Can the Words “Eco” & “Travel” Ever Go Together?

Travel for goodIn recent decades, travel has become cheap, thereby allowing a large portion of the population to go wherever it pleases. While, at first glance, this seems a good thing, it has contributed in many ways to the increasing homogenization of world culture, and an increasing environmental footprint–something that more then 70 world leaders are meeting to discuss at this week’s COP15 meetings.

You’ve probably heard of ecotourism, traveling with a lighter impact and more meaningful experience, but you might be surprised to know that Travelocity, one of the major online travel agencies, has been running its Travel For Good program since 2006.

The program came not from some opportunistic marketing department, but from within the staff of the company, and it is composed of several people who wanted to find ways to make travel more meaningful, and help connect a more mainstream audience with voluntourism opportunities. When Travelocity reached out to its customers, it realized that there was a lot of interest out there as well, but consumers didn’t know where to look.

Like Walmart mainstreaming sustainable consumerism, Travelocity then set about creating Travel For Good.

Wanting this to be more than something that well-to-do people could do, it also created the Change Ambassadors Grant program, where people without the means, but with the demonstrated desire and history of volunteering, can get up to $5000 towards a trip organized by one of Travelocity’s voluntourism partners.

Travel for Good has awarded more than 30 grants to date and has sent people to give back in Kenya, China, India, Cambodia, Peru, Russia, the U.S., Brazil, and more.

The company has also made finding green hotels easier, via The Green Hotel Directory, that currently has over 700 places listed, from a start of 200. (More on the directory here.)

Also branching out beyond its Travel For Good program is the carbon offsets offered it seems with all travel booked through Travelocity, via the Conservation Fund’s Go Zero program which collectively has restored 20,000 acres of forestlands in the US, 6 million trees. The company’s UK arm also offers an offset program through the well-respected Last Minute.

Is it possible to completely zero out the impact of travel? No, but with some thought, education and resources such as Travel For Good, it can be much more beneficial, in direct and less obvious, more pervasive ways, back home and in the places where people travel.

Readers, what’s your take? Can eco and travel ever truly go together? What are some innovations you’ve seen to help make it more so?

Paul Smith is a sustainable business innovator, the founder of GreenSmith Consulting, and has an MBA in Sustainable Management from Presidio Graduate School in San Francisco. He creates interest in, conversations around, and business for green (and greening) companies, via social media.

Paul Smith is a sustainable business innovator, the founder of GreenSmith Consulting, and has an MBA in Sustainable Management from Presidio Graduate School in San Francisco. He creates interest in, conversations about, and business for green (and greening) companies, via social media marketing. || ==> For more, see

10 responses

  1. No! When the word 'eco-tourism' was first coined probably 20 years ago, I shuddered. The point was to bring people to fragile areas to show them what raw nature looked like. Well, it's raw, because no one has been there! And it needs to stay raw!

    I don't mind eco-friendly hotels, because they are enormous resource wasters. I love to see them changing their ways. I do like the idea of Travel for Good helping others in developing countries.
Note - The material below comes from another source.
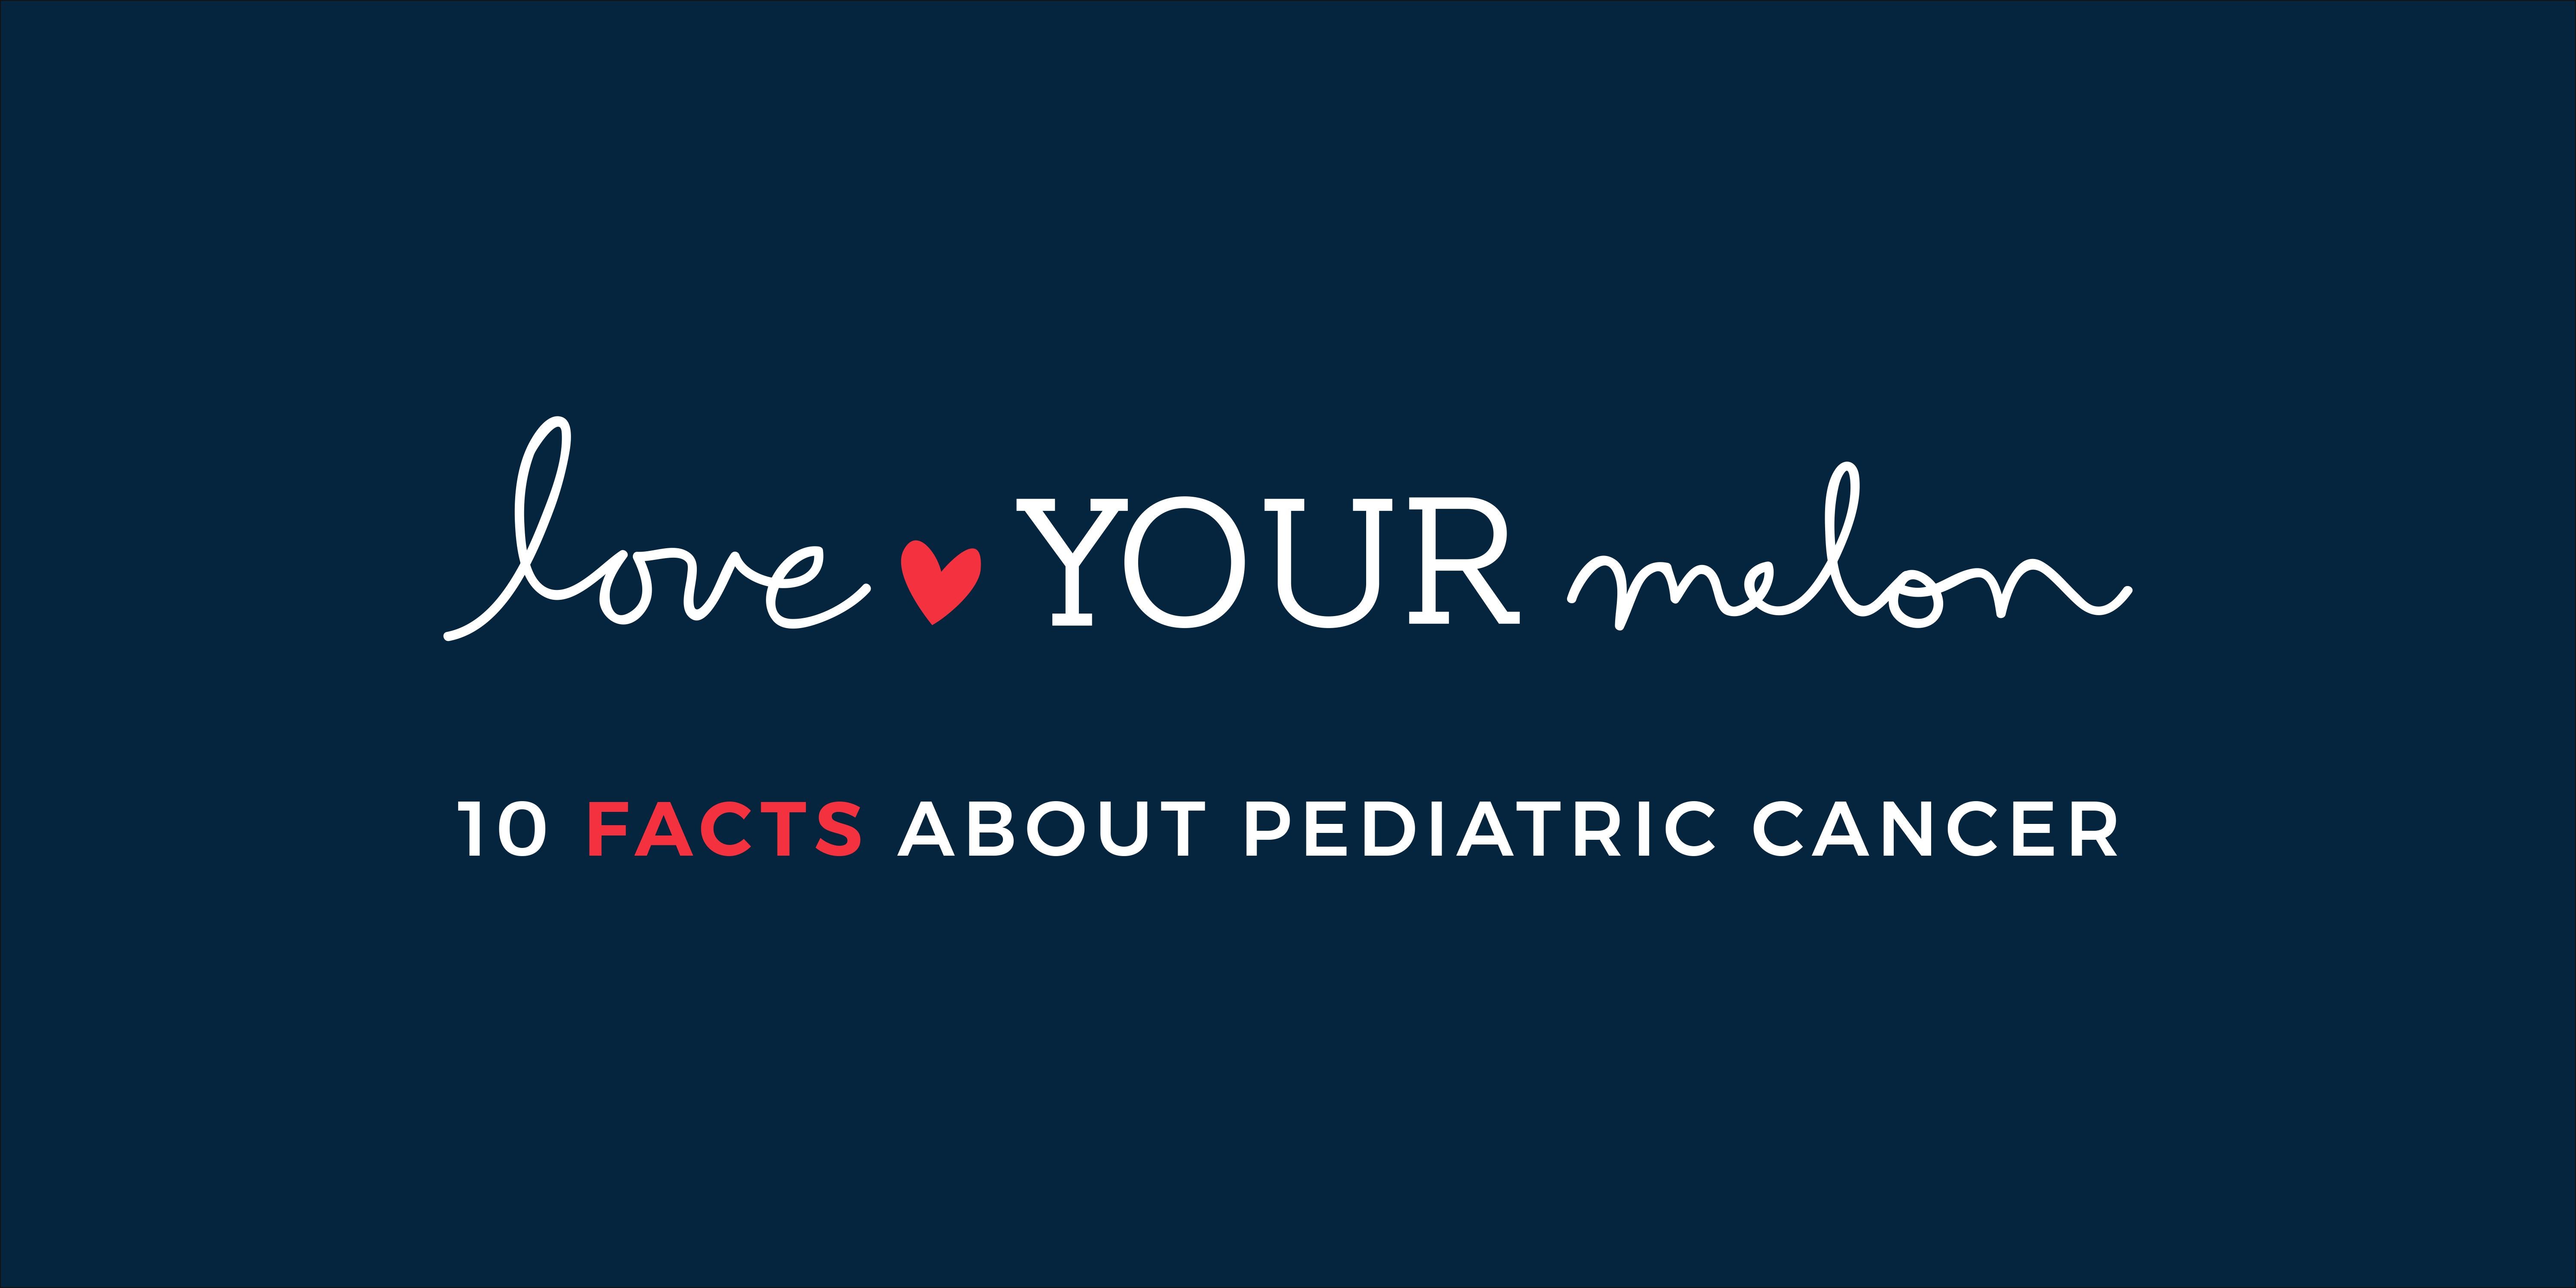 10 Facts You Should Know About Pediatric Cancer

I don't believe in carbon offsets – paying your way out of a non-eco lifestyle without making any change.

    Eco travel is responsible travel, and we should think before we scoot.

  2. This is good news. When big companies like Travelocity begin introducing new ways for consumers to reduce their carbon footprint they provide for ways in which big business can partner with every day citizens on combatting climate change. There are already thousands of companies who are building companies and programs from te environmentally friendly model and consumers are responding in droves. The website http:/// has a directory of these companies and a plethora of case studies that demonstrate how profitability, job creation, and sustainable business practices can be incorporated seemlessly and creativel together moving forward. I encourage readers to take a look.

  3. Good to see a company listening to employees. Eco travel is problematic, but it's an improvement over regular travel. I've always thought labeling travel to environmentally sensitive places was poorly labeled when called ecotourism. As nanfischer said, some areas need to be protected, not visited. There are plenty of beautiful places we can visit that are still pretty wild, and leave the most sensitive areas alone. Visiting nature is good, it builds an appreciation, but which part we visit matters.

  4. I agree with nanfischer in that the focus for eco-travel should be more on the normal trips people take where most of their carbon footprint is placed (the hotels!). Now, the flights are another topic all together, but I think hotels are really starting to catch on to the fact that going “green” is a triple win. Win #1 = Great ROI, Win #2 = Consumer response, Win #3 = Responsible.'s Green Travel Hub highlights green hotels in their directory and in the search results. And, each hotel is given a green branch score with a detailed description of their green amenities. It makes it easy for the normal traveler to identify green hotels, the level of eco-friendly activities and book those hotels.